Sam was silent for a long time. Micah breathed into her silence, ordering his heart to be still.

“You never said,” Sam finally spoke. “Which part of it you thought was a mistake.”

“Deflecting when you caught us,” Micah said. “It’s always been our secret and I thought he wanted it that way. Everything before was… it was really good, Sam.”

“Again, I say, spare me details.”

“I don’t mean the sex. Being with him, it was something else.”

“Oh, honey.” Micah almost couldn’t bear her voice then.

“Okay, what do you know that I don’t? Because you have that tone happening.”

“What tone? I don’t know what you’re talking about.” She’d responded immediately, but there was still something almost… off.

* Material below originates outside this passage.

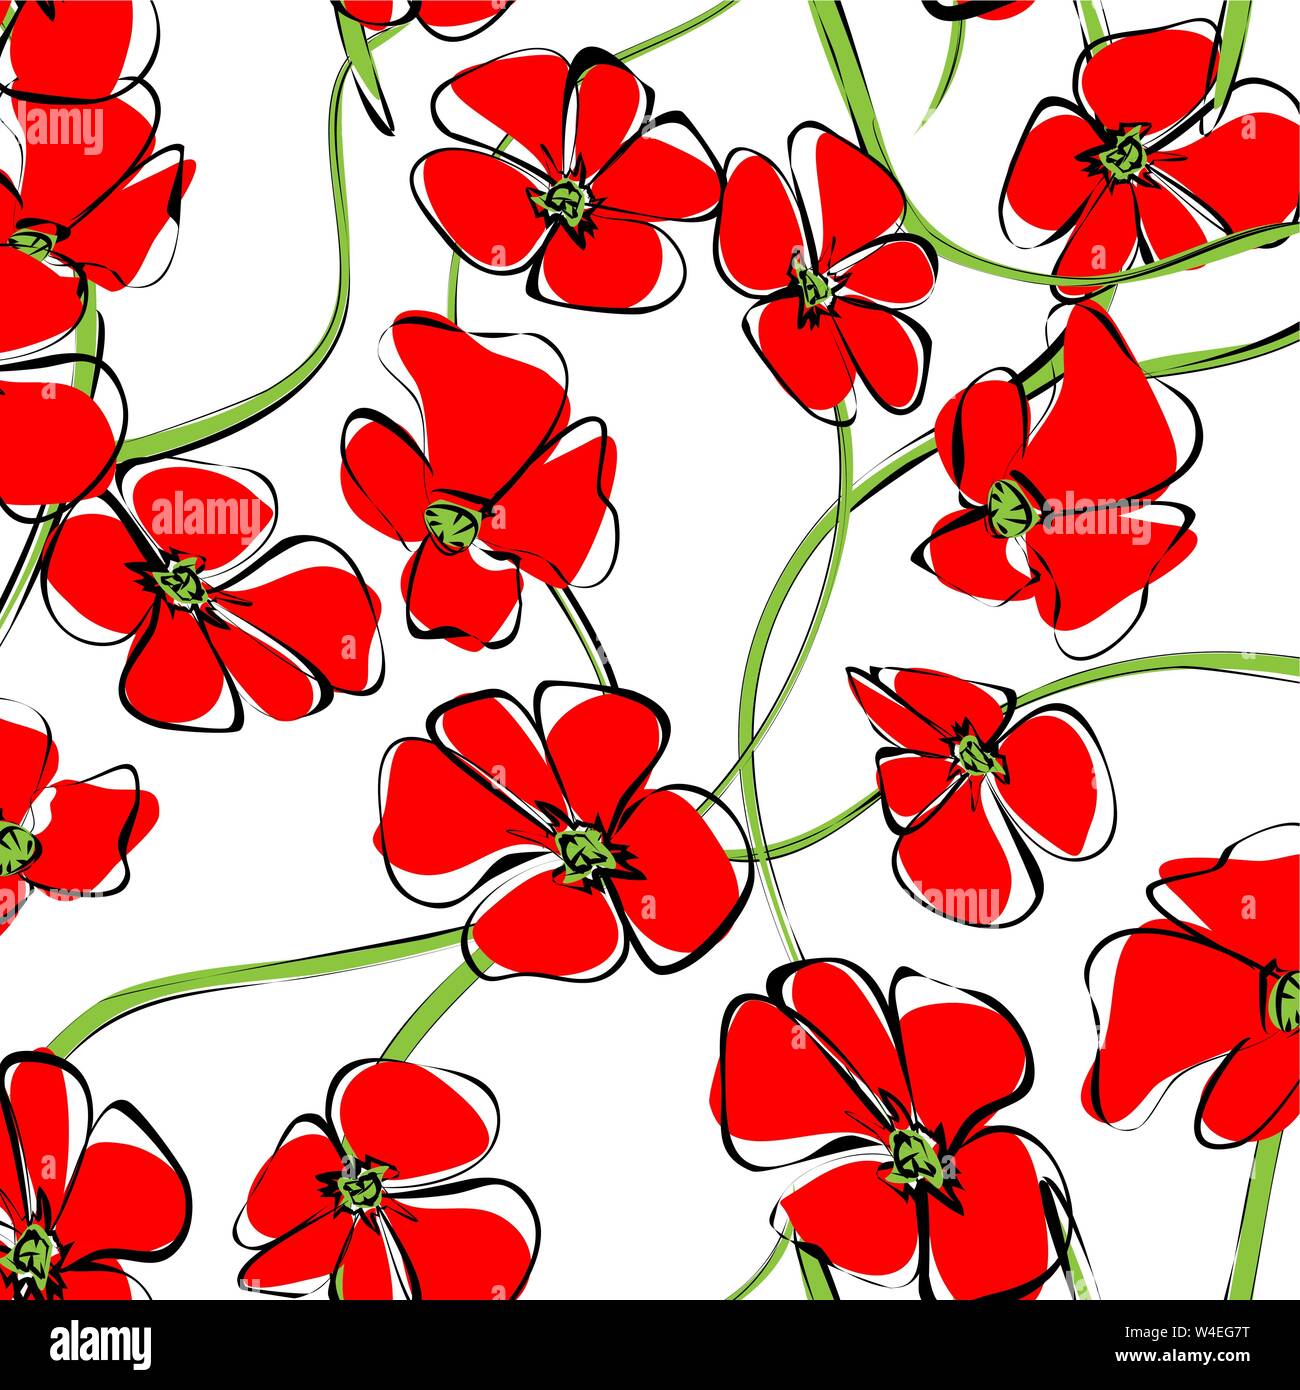 Fiore di primavera configurazione del campo di background. Fiori di colore rosso di fioritura del papavero selvatico con stelo verde foglia, fiori e bocciolo. Motivo floreale per la carta da parati, tessile Illustrazione Vettoriale

Micah didn’t think she was lying, exactly. Then again, he wasn’t sure he could trust his perception anymore.

He sighed. “It doesn’t matter, it is what it is.”

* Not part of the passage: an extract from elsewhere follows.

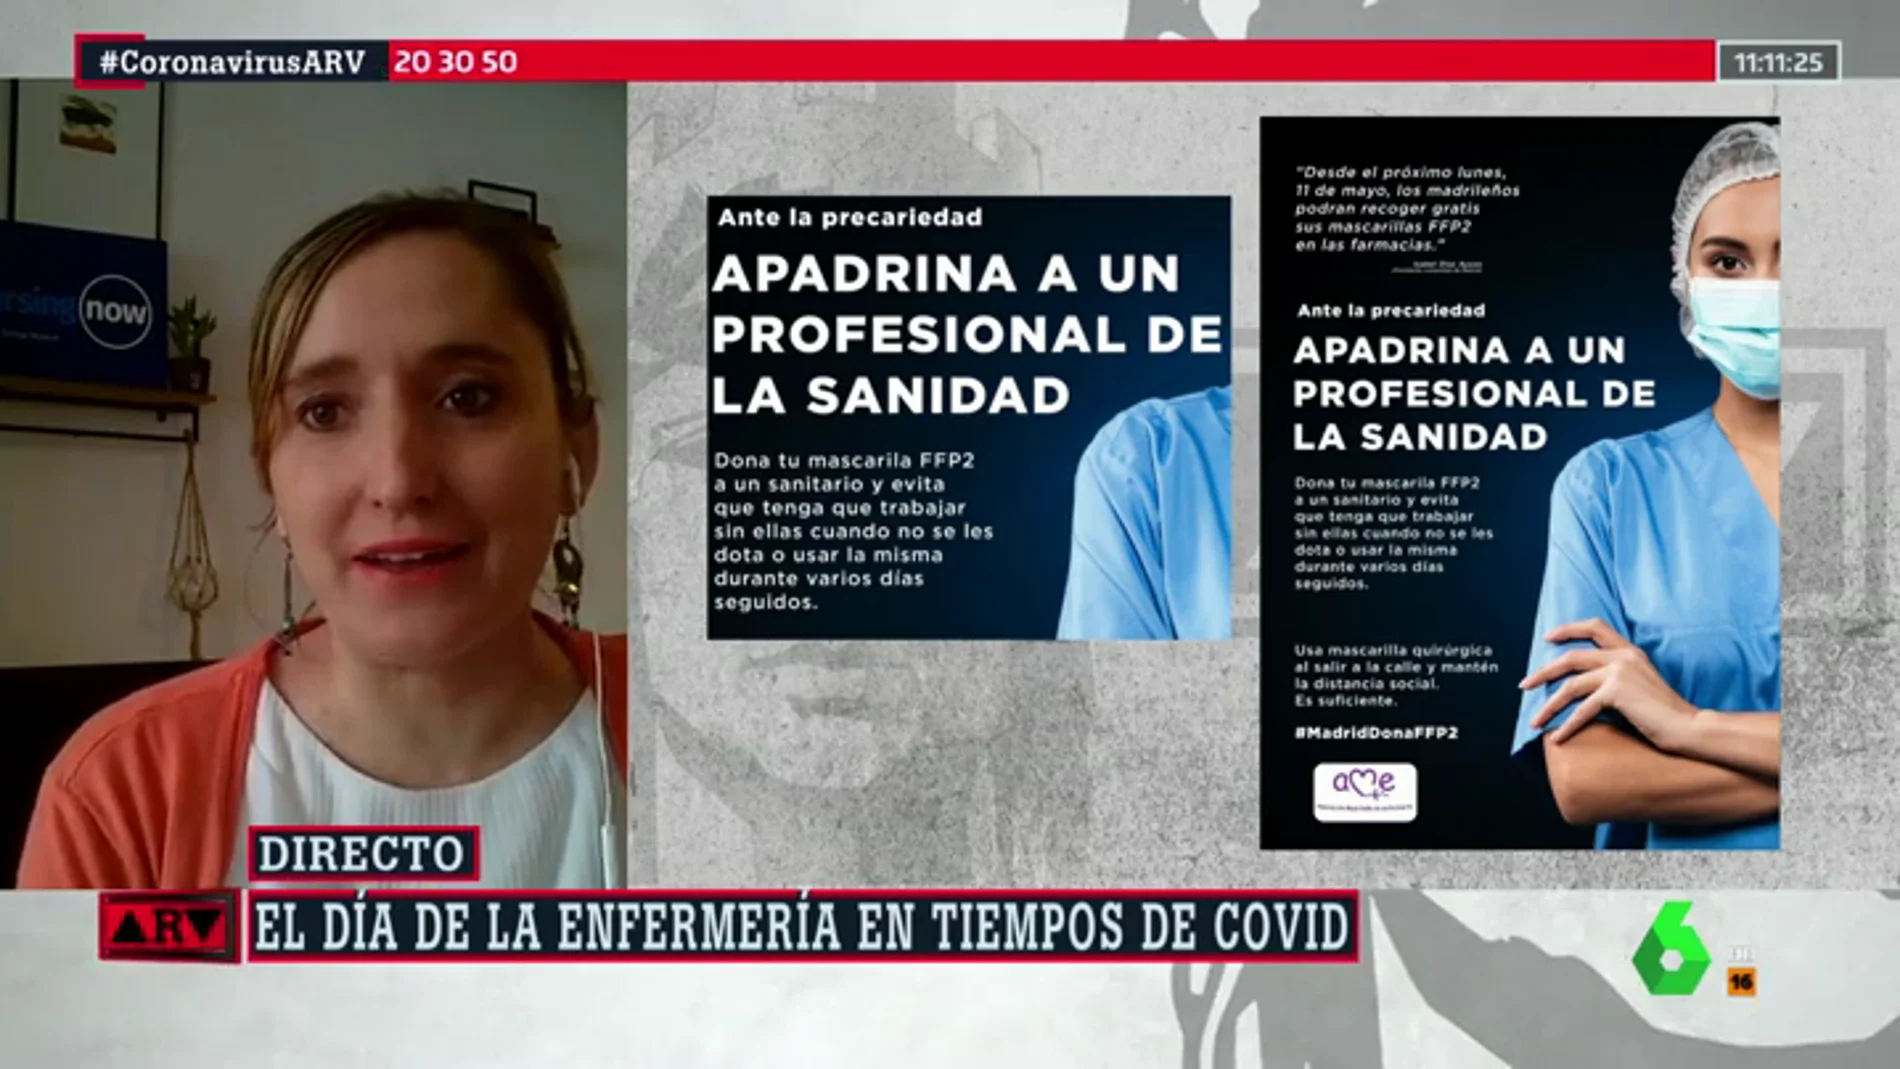 El reproche de la enfermería madrileña a Ayuso: "Hay falta de material y sigue sin entenderlo"

“Micah, I’m going to go out on a limb here. But why don’t you talk to him?”

He shook his head, then realized she couldn’t see him. He thought of Christmas day, he and Ben pretending nothing had happened and the utter silence any time they were alone. All of a sudden, he wished he were with Sam. That he could lean against her and feel her warmth and be comforted by someone, anyone, instead of a cold and constantly empty apartment.

“Yeah, maybe.” For some reason, he couldn’t bring himself to tell her about the silence, the unanswered calls. Ben was back home now, dealing with jet lag and going back to work in a few days; he didn’t need Sam calling and bothering him.

“Micah,” she said, gentle but censuring all the same.

“I will,” he promised, with no need to qualify or articulate what he meant. This part, he knew, was between Ben and himself. That was the whole point of keeping it just for themselves all these years.